Dehradun sewage pollutes Ganga, says report
Pollution control board finds water at 7 points above Lakshman Jhula to be of best qualityUpdated: Feb 10, 2018 21:01 IST
Untreated sewage from Dehradun that enters the Ganga near Rishikesh pollutes the river, said a report of the Uttarakhand Environment Protection and Pollution Control Board (UEPPCB).
“Song river that flows through Dehradun enters river Ganga near Lakshman Jhula (close to Rishikesh town). The water quality (of Ganga) before this point is best. But, we realised the untreated sewage flowing in Song river enters the Ganga and causes water pollution,” said SP Subuddhi, member secretary of UEPPCB.

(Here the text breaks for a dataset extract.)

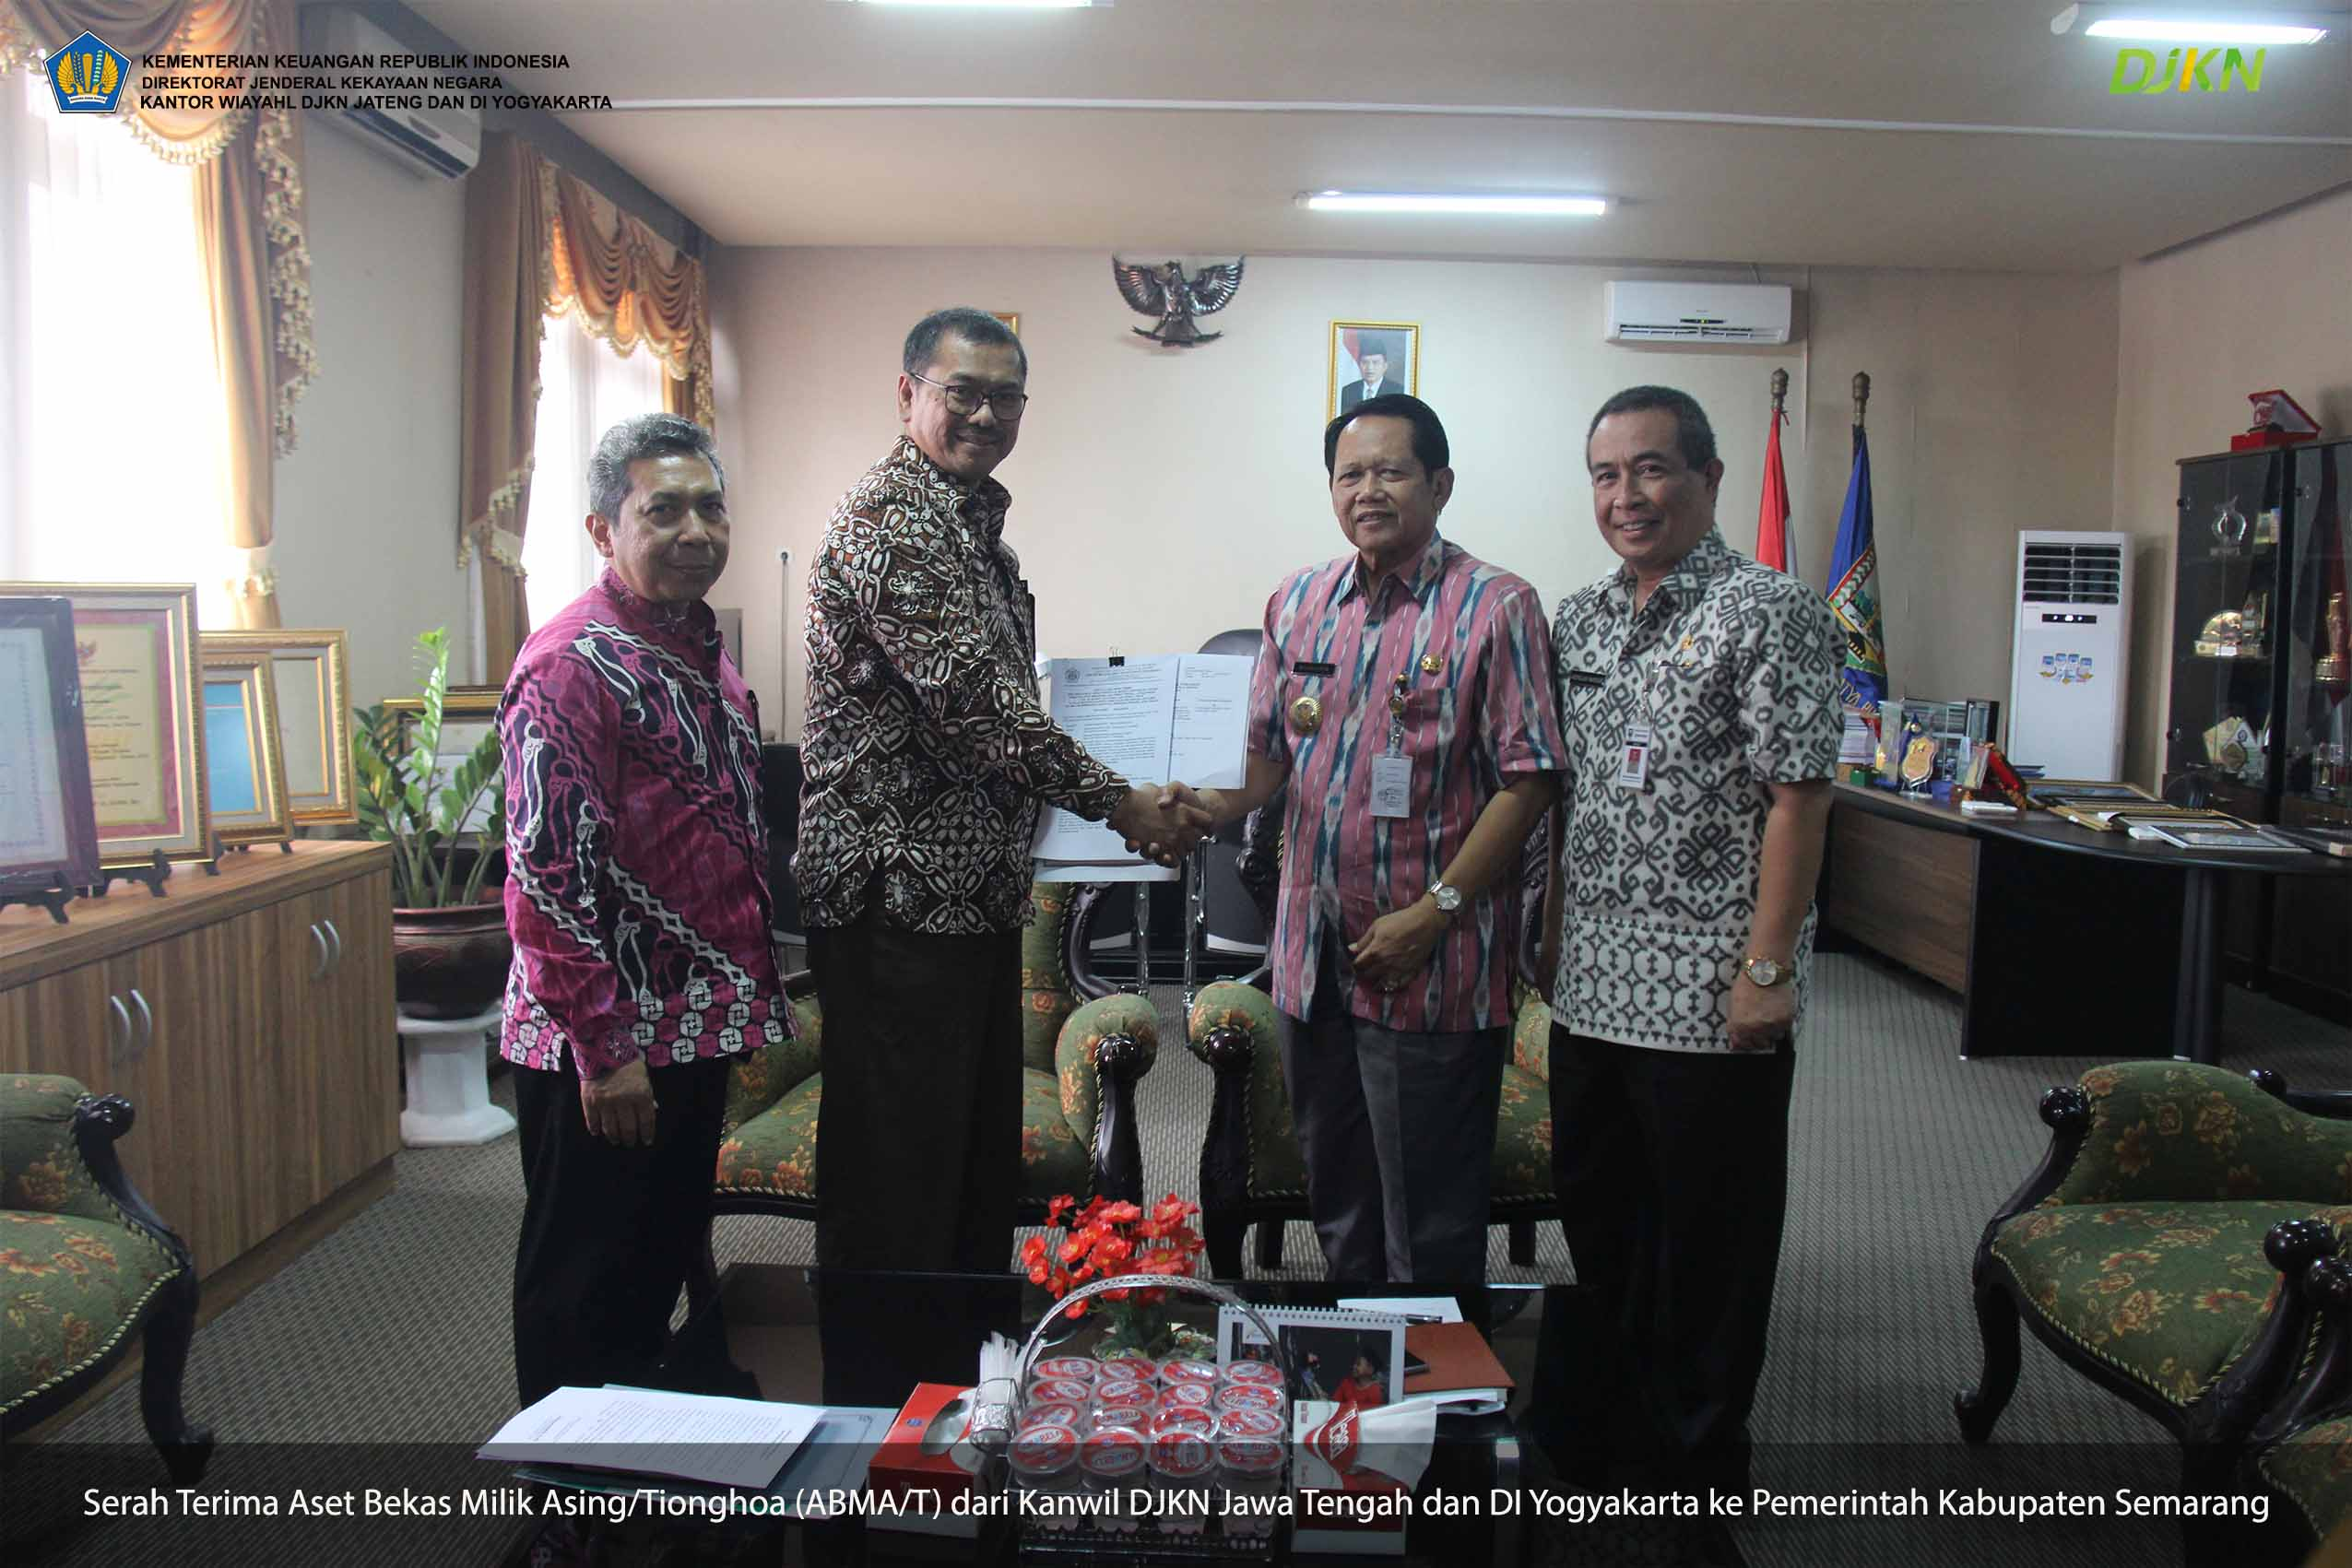 Serahkan Aset ABMA/T ke Pemda Semarang, Kepala Kanwil DJKN Jateng DIY Harap BMD Dikelola dengan Baik

The Uttarakhand government has demanded that the Centre provide Rs 200 crore to establish sewage treatment plants (STPs) in Dehradun.
Under the National Mission for Clean Ganga (NMCG), the state pollution control board monitors the river water. Of 15 spots between Gangotri and Haridwar studied, water in only 7 places above Lakshman Jhula was found to be of best quality and fit for drinking.
Water samples collected from Gangotri, Rudraprayag -- confluence of Alaknanda and Mandakini -- and Devprayag, where Alaknanda and Bhagirathi rivers meet, were deemed to be of A quality on the standards set by the Central Pollution Control Board (CPCB).
The standard A is applied when water is recommended for drinking without conventional treatment but after disinfection. The total coliform is less than 50, ph (potential of hydrogen) is between 6.5 and 8.5, dissolved oxygen is more than 6mg/l and biochemical oxygen demand (BOD) is up to standard.
The situation changes from Lakshman Jhula in Rishikesh. Water samples were studied at five spots on the canals that merge with the Ganga and three points on the river. The water quality was found to be poor, the UEPPCB report said.
The water quality accessed below Lakshman Jhula is of B category, which means it is only fit for outdoor bathing. The total coliform in the water is less than 500 and dissolved oxygen is more than 5mg/l; the water has high presence of BOD.
Of the 30 sewage treatment plants (STPs) under the NMCG project, 13 have been completed and the rest are under construction. There are no projects for treatment plants in Dehradun. Rs 200 crore has been sought from the union ministry of water resources to establish an STP in Dehradun, officials said.
Funds have also been sought to set up STPs in Ramnagar, Haldwani and Kashipur as the untreated waste from these places flows into the Ganga.
“Now that we know the actual cause of water pollution in river Ganga, we should start working on establishing STPs in other parts of the state as well,” said Anil Joshi, an environmentalist.